## Action item
The required output is the line containing "#brushyourteeth" and every line after it, transcribed exactly through the end of the data below.

*** Opening Data shown ***

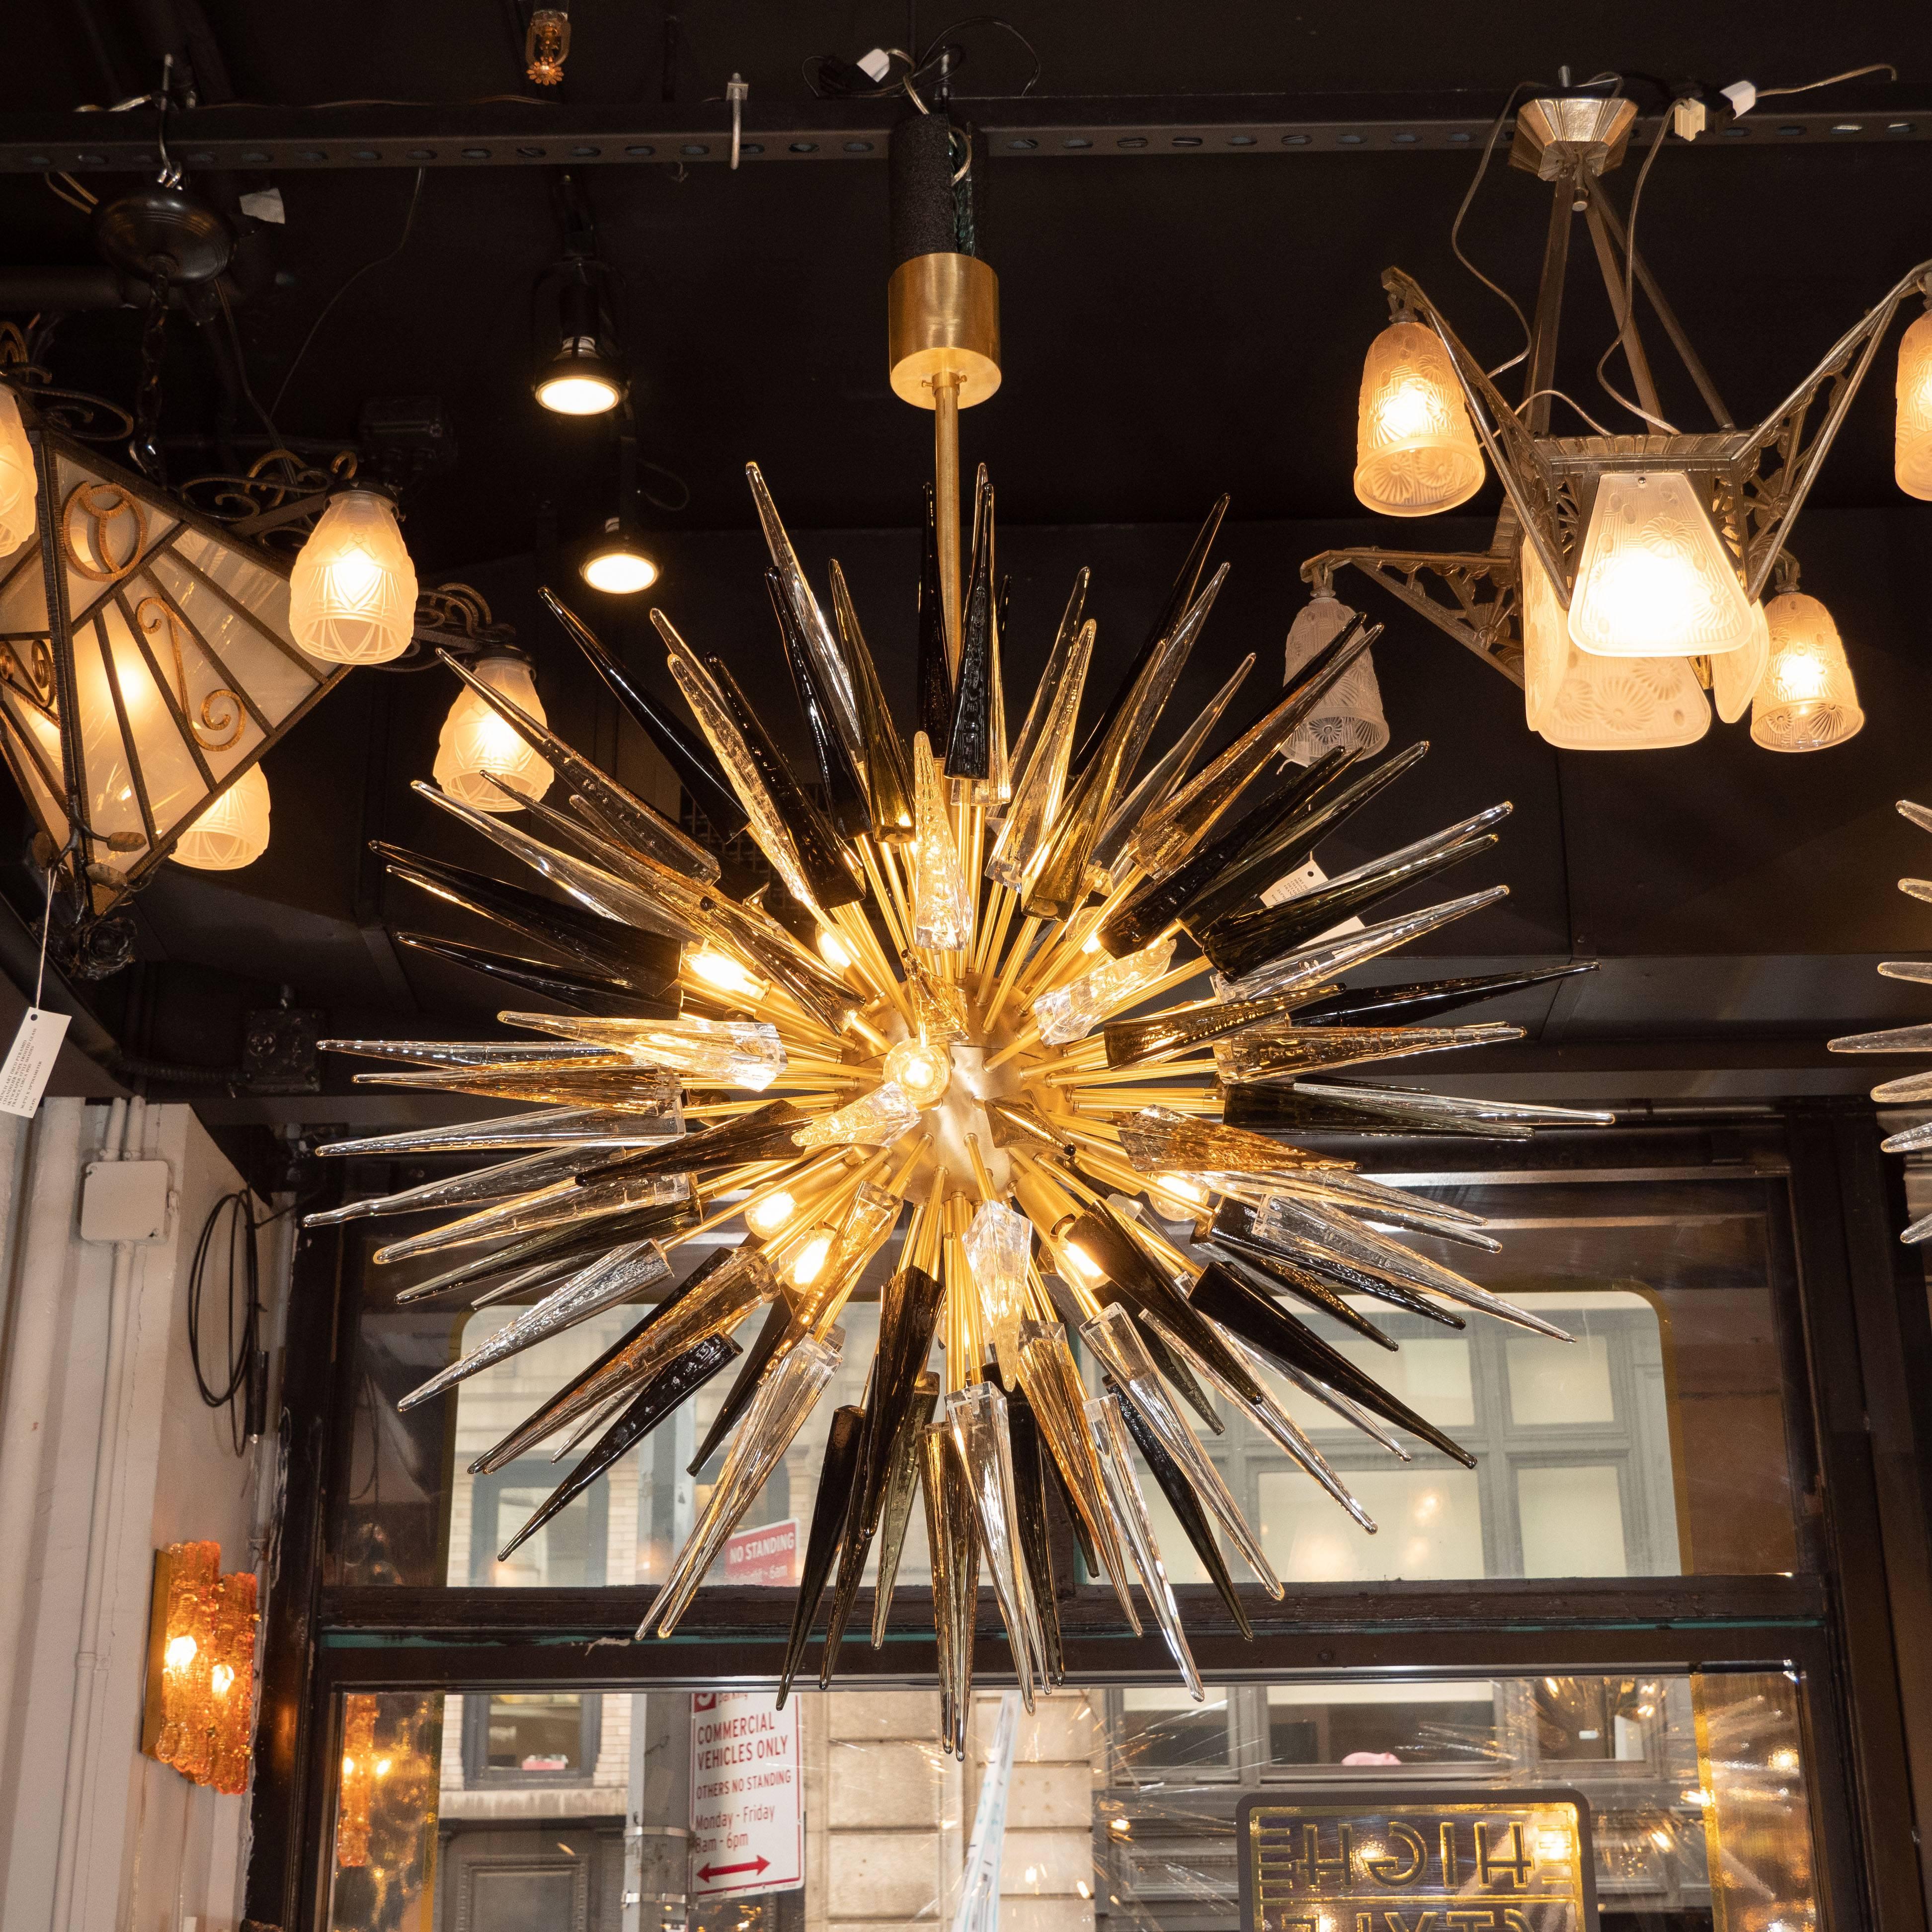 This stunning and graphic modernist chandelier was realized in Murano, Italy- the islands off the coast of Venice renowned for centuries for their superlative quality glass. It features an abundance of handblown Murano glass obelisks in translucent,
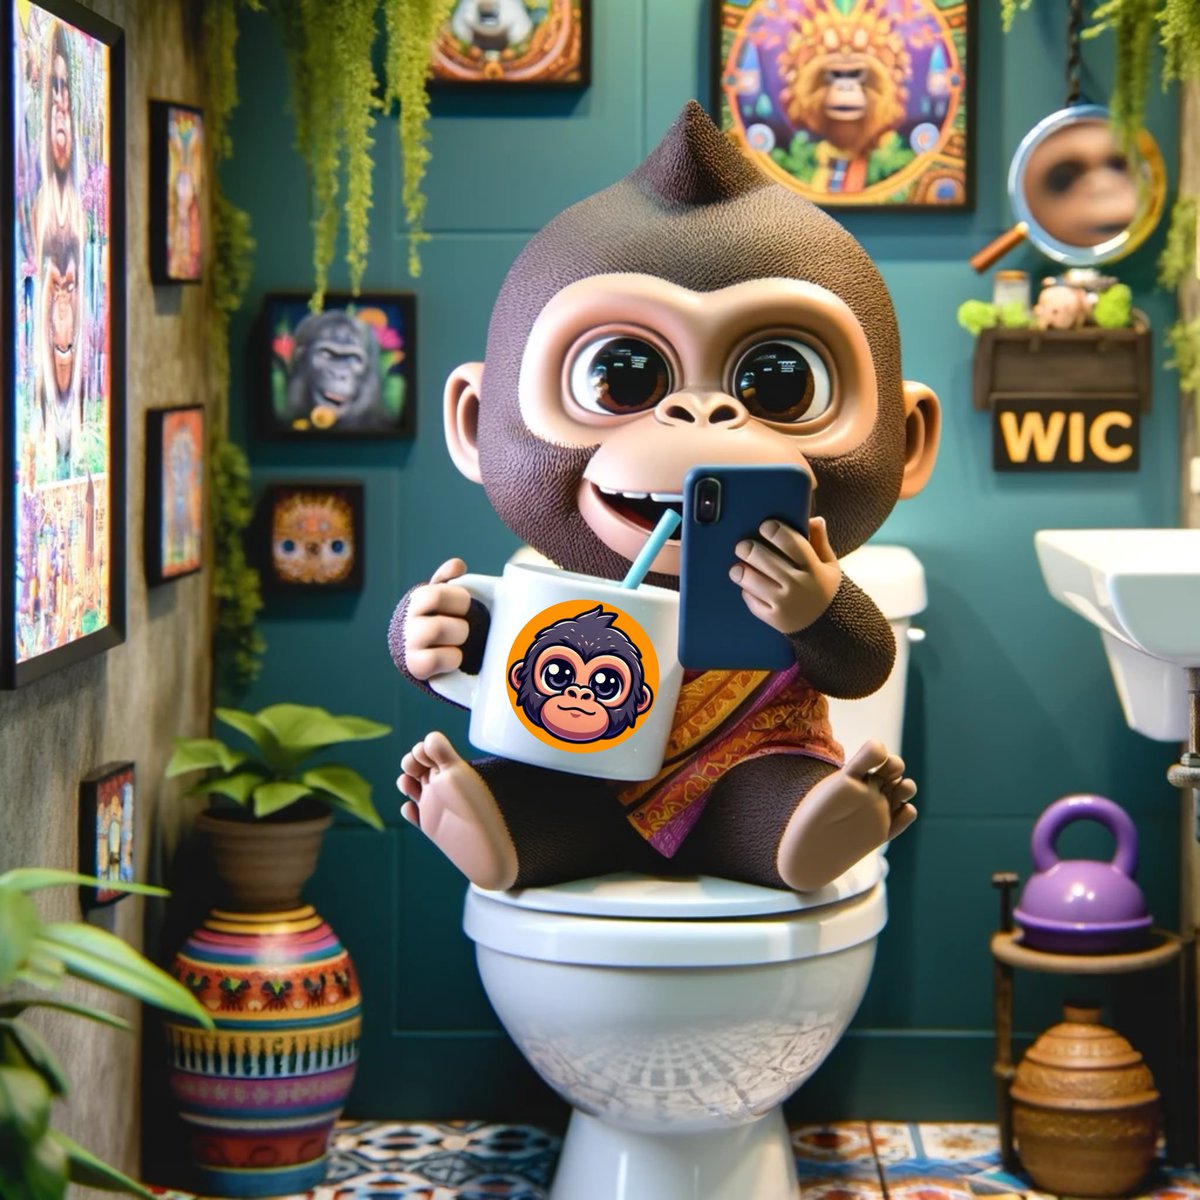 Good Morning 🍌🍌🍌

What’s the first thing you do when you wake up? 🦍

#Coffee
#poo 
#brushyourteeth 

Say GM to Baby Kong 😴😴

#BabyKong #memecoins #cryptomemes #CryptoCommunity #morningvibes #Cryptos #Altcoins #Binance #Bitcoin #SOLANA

*** Closing Data shown ***

## Answer for this exercise
#brushyourteeth 

Say GM to Baby Kong 😴😴

#BabyKong #memecoins #cryptomemes #CryptoCommunity #morningvibes #Cryptos #Altcoins #Binance #Bitcoin #SOLANA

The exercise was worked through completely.